Compared with other legumes, the genetic research of C. tora is still in its infancy. Although its nutritive and pharmacological properties of the active metabolites have been investigated [7–10] and their biosynthetic pathways have been preliminarily characterized [25], to the best of our knowledge, the C. tora genetic basic research is very limited.

Single-molecule sequencing technology combined with Hi-C assembly technology [26, 27] has been widely used in the construction of a chromosome level high-quality genome [28–31]. A high quality genome at chromosome level lays a very important foundation for the further research and development of a species [19, 24, 32, 33]. With the dividend of the decreasing cost of sequencing, we were able to sequence the species with Single-molecule sequencing technology and assemble it with Hi-C technology to form a high-quality genome. The ancestral legume karyotype was predicted consisting of a minimum of 19 proto-chromosomes [19]. In the study, the Hi-C assembly displayed 13 distinct groups. We propose the C. tora genome maybe have been massively rearranged during evolution.

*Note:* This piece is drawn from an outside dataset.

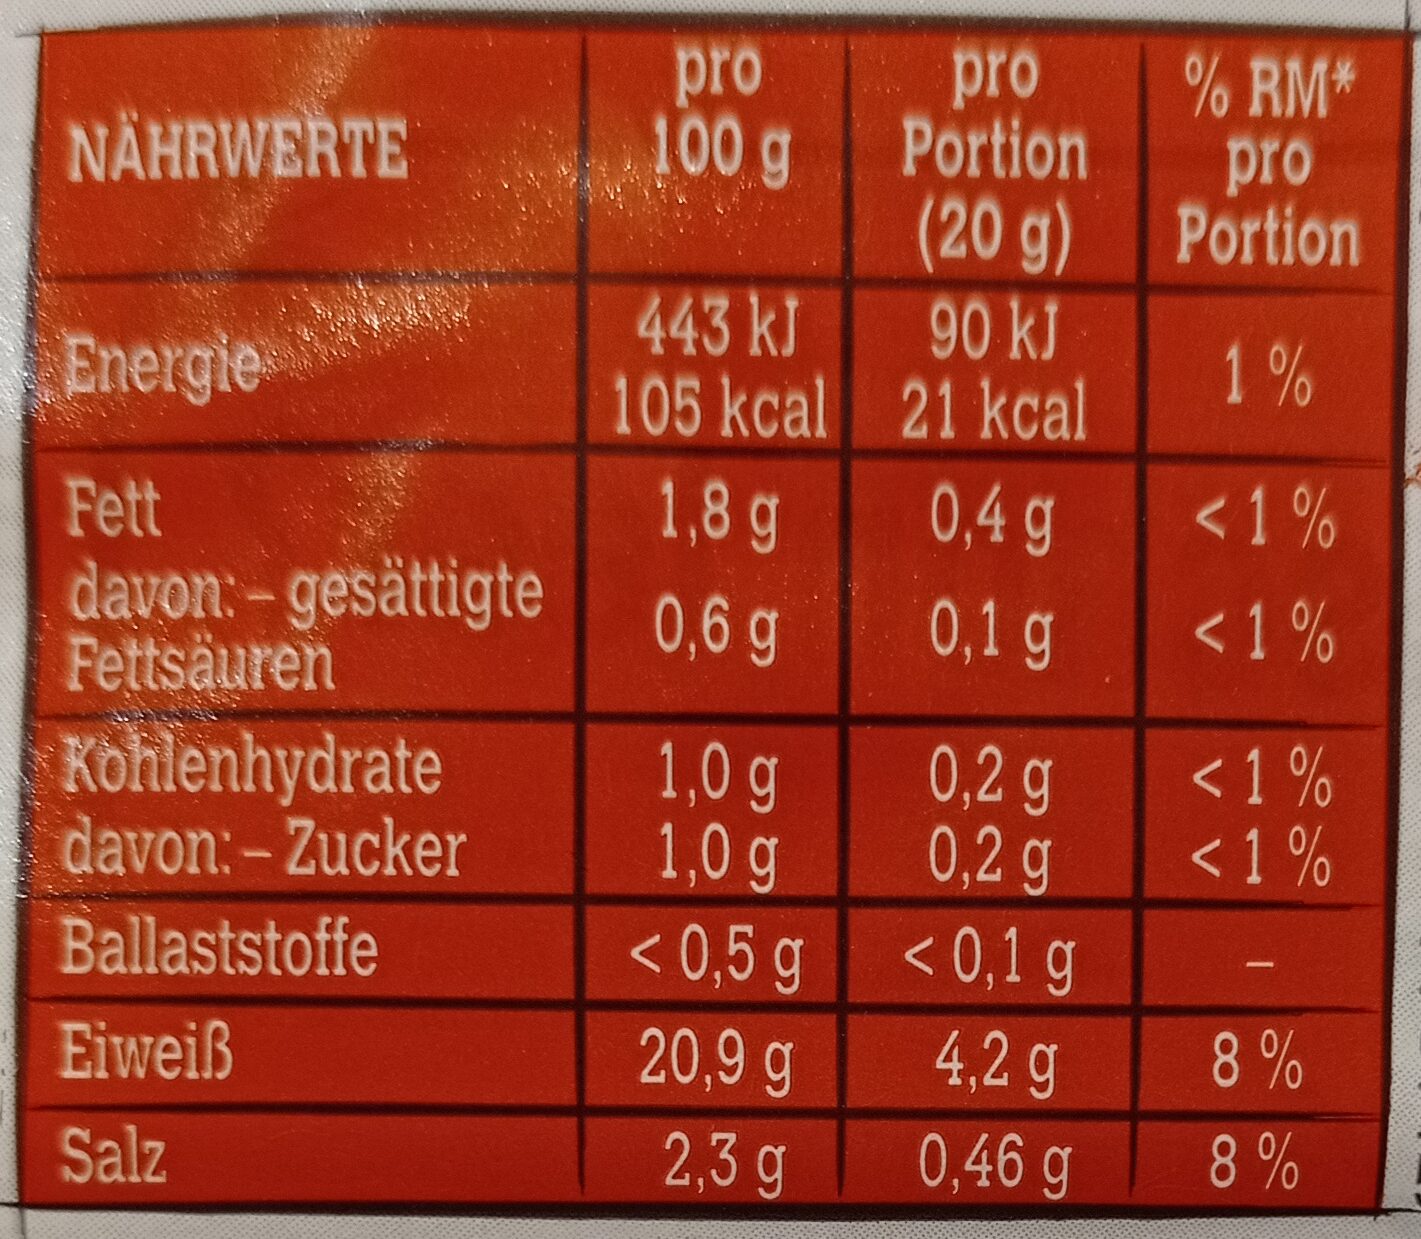 Hähnchenbrust ofengebacken - Nutrition facts - de

Genome expansion in plants is primarily driven by polyploidization (whole-genome duplication events) and the proliferation of TEs [34]. Based on the single-copy orthologous genes shared by C. tora and 11 other legumes (Fig. 3), these legume species differentiated from grapes on about 116 MYA. C. tora differentiated from 11 other legumes ~ 95 MYA which revealed C. tora has the most distant relationship with other legumes. After ~ 20 MYA, peanut differentiated from the other nine legumes. Other legume species differentiated in 75–80 MY, which was consistent with recent report about pea genome [19]. Among the other 11 legumes, A. ipaensis has the closest relationship with it. Analysis of genome sequences of different legumes indicated that whole genome duplication has played an important role in evolution of legume genome [17]. The 4DTv distribution of the homologous gene pairs within these syntenic blocks suggested that C. tora has not undergone any recent lineage-specific whole-genome duplication (WGD) event except for the paleohexaploidy event (γ) common to all eudicots. A synteny analysis between C. tora and A. ipaensis reflected poor collinearity.

Repetitive elements were major drivers in the evolution of these large genomes such as Pea genome (~ 4.45 Gb) [19]. In the Fabeae tribe of Leguminosae, genome dynamics are dominated by a single lineage of Gypsy elements that account for 57% of the variation in genome size in this clade [34, 35]. In C. tora genome, Fifty-eight percent of the genomic sequences belongs to repetitive. The main repetitive sequences were TEs, of which the most abundant were long terminal repeats (LTRs) and the Gyps -type LTRs represented the three largest subfamilies, which was consistent with previous reports [34, 35]. Compared to the other 11 species, LTR amplification activity peak in C. tora was not observed in over 10 MYA, which reflected a feature of genome formation which is not active. Another possible explanation is that the LTR-TEs in C. tora had undergone lower artificial selection than those in the other species. Moreover, as C. tora naturally self-pollinates, it has low heterozygosity (0.02%). The foregoing genomic analysis indicated that the Cassia tora genome is ancient and stable.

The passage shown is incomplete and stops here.